The manufacturing Purchasing Managers’ Index (PMI) for the eurozone dropped to 52.3 in January from December’s 53.2, in line with an earlier flash estimate. Any PMI figure above 50 indicates growth, while a reading below 50 indicates contraction in the sector.

“The eurozone’s manufacturing economy missed a beat at the start of the year. Having accelerated for three straight months, the rate of growth slipped from the 20-month high attained at the end of 2015,” Chris Williamson, Chief Economist at Markit, said, in a statement.

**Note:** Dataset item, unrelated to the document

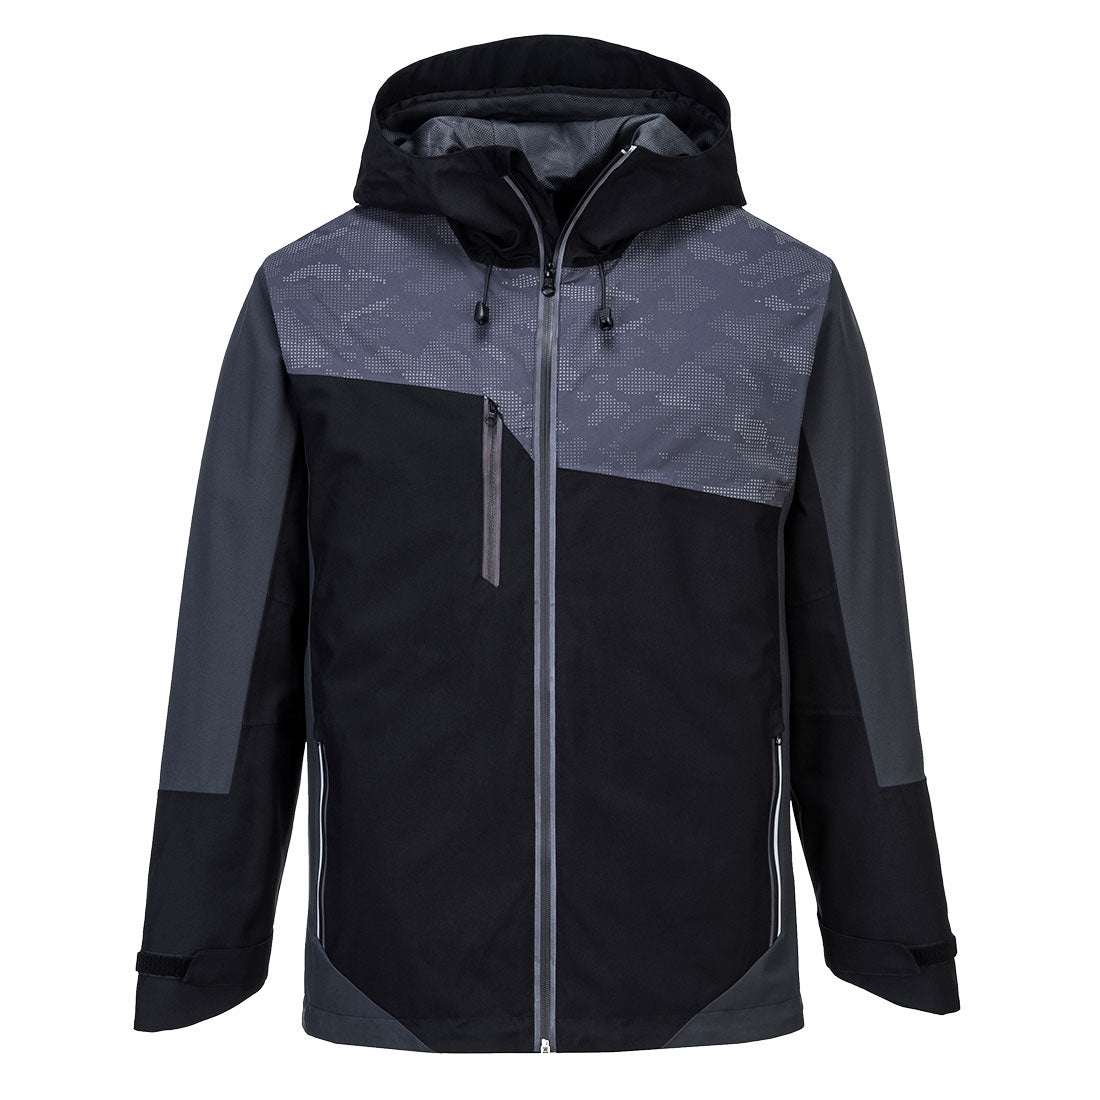 Portwest S601 Reflective Shell Jacket 1#colour_black-grey 2#colour_black-grey
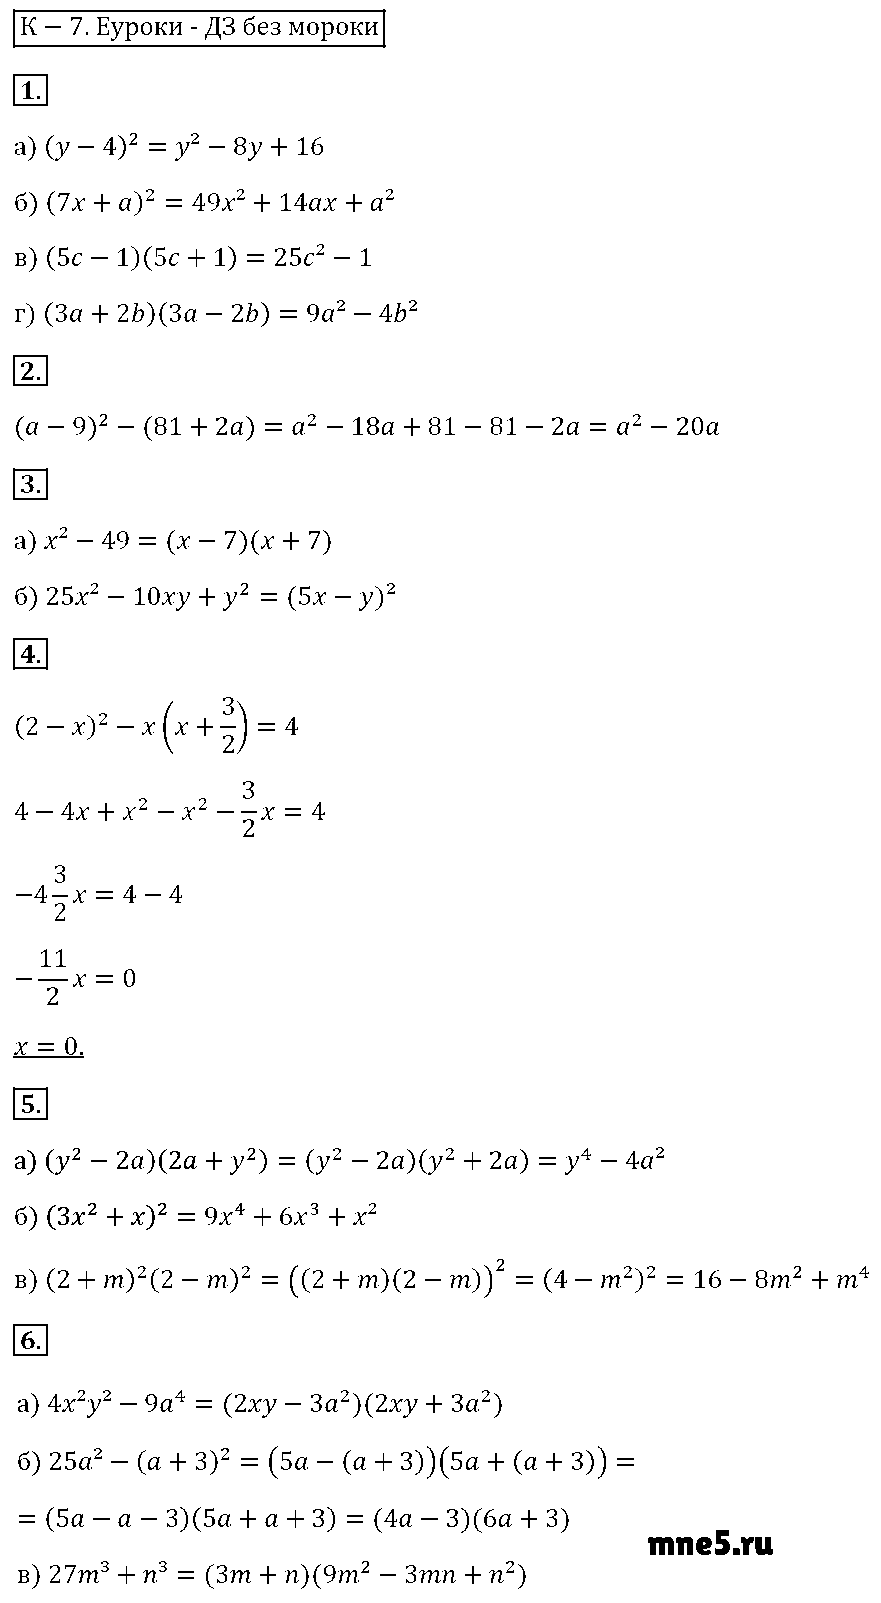 ГДЗ Алгебра 7 класс - К-7

According to data released last week, inflation in the eurozone was up 0.4 percent annually in January — a slight improvement over December’s 0.2 percent, but still way below the European Central Bank’s (ECB) target of 2 percent.

The low inflation in the bloc has persisted despite cash injections by the ECB. While the availability of cheap cash weakens the euro, and should, in theory, result in an increase in consumer prices, its impact has been blunted by a plethora of global factors, not least the prevailing low oil prices that have kept inflation at or near zero.

“Input cost pressures also remained heavily toward the downside, as purchase prices fell at one of the fastest rates during the past six-and-a-half years,” Markit said in a statement, adding that for the first time in 11 months, all the countries covered in the survey reported a decline in prices.

As low inflation and muted growth continue to hinder growth in the region, pressure is building on ECB to further loosen its purse strings and, among other things, move its deposit rate further into the negative territory.

“Downside risks have increased again amid heightened uncertainty about emerging market economies’ growth prospects, volatility in financial and commodity markets, and geopolitical risks,” ECB President Mario Draghi said, during a news conference last month. “It will therefore be necessary to review and possibly reconsider our monetary policy stance at our next meeting in early March.”